Take a look at the man page for zmq_setsockopt and read the section on ZMQ_SNDHWM. It clearly states that zero means “no limit.” Second, it also states that when the socket reaches its exceptional state then it will either block or drop messages depending on socket type.
Next, look at the man page for zmq_socket and check the ZMQ_PUB section. The socket will reach its mute state (its exceptional state) when it reaches it high water mark. When it’s mute, it will drop messages.

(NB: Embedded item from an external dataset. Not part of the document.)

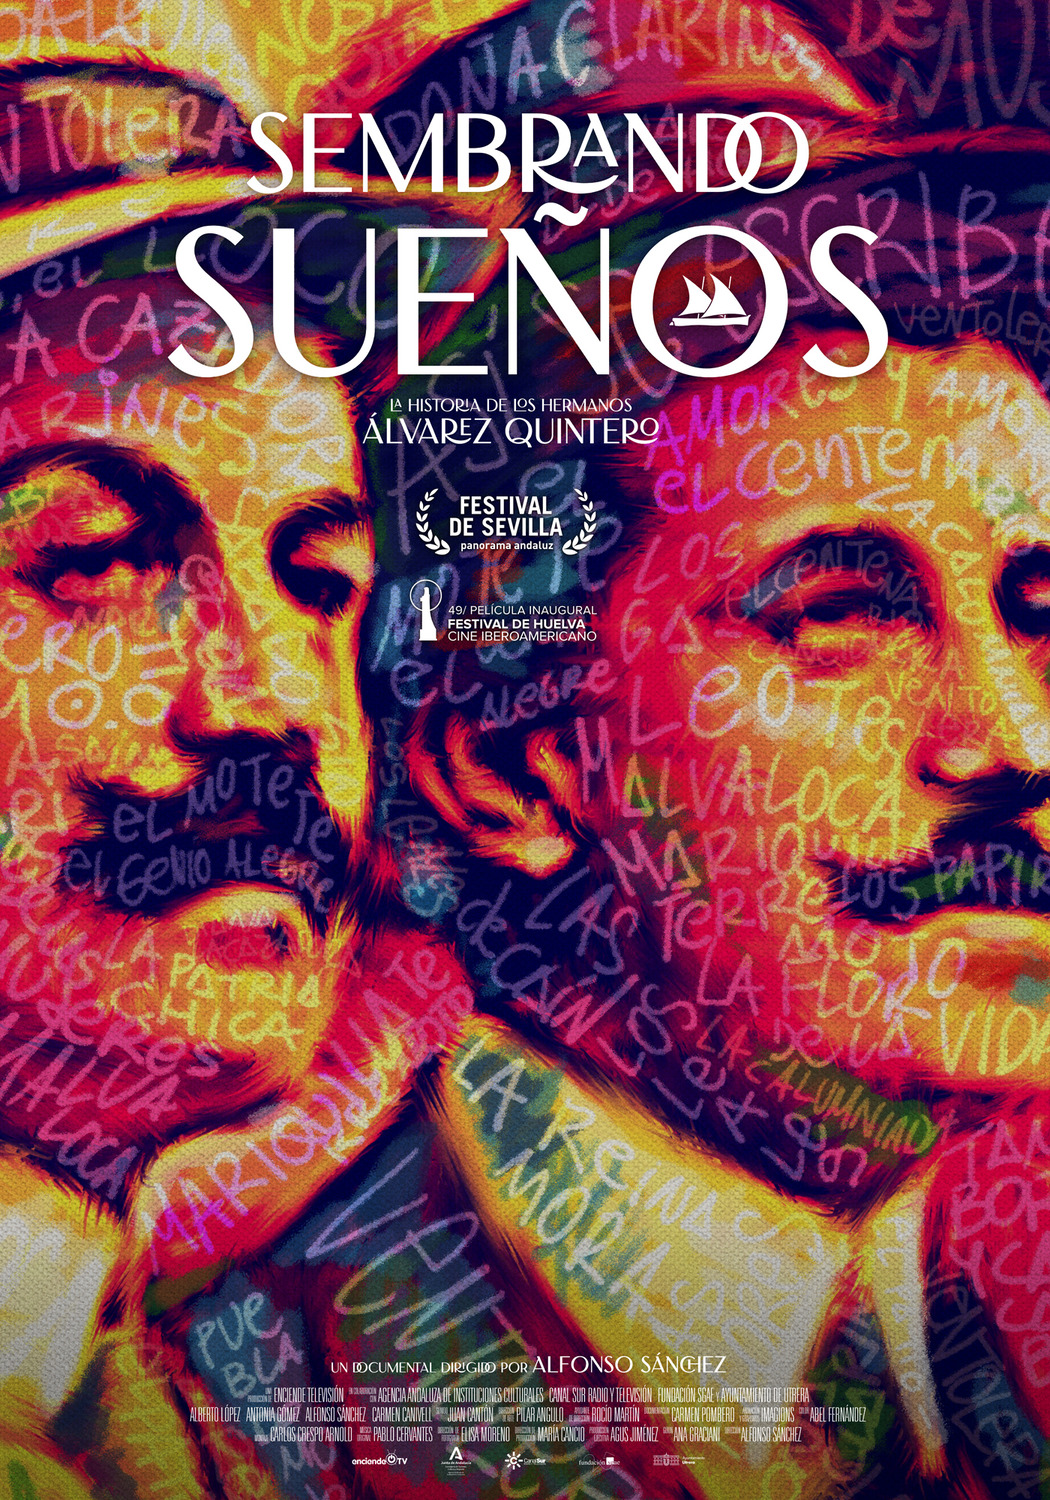 Extra Large Movie Poster Image for Sembrando sueños

So, taking the two together then a socket with a ZMQ_SNDHWM of 0 should never drop messages because it will never reach its mute state.
The one exception to this is when there are no SUB sockets connected to the PUB socket. When there are no connections, all messages are dropped (because no one is listening and there are no queues created).
However, I highly recommend *against* setting HWM to 0 for a PUB socket. Here’s why:
1. It gives you a false sense of security that all messages will be delivered.
If the publishing process dies, any messages in queue go with it so they’ll never get delivered.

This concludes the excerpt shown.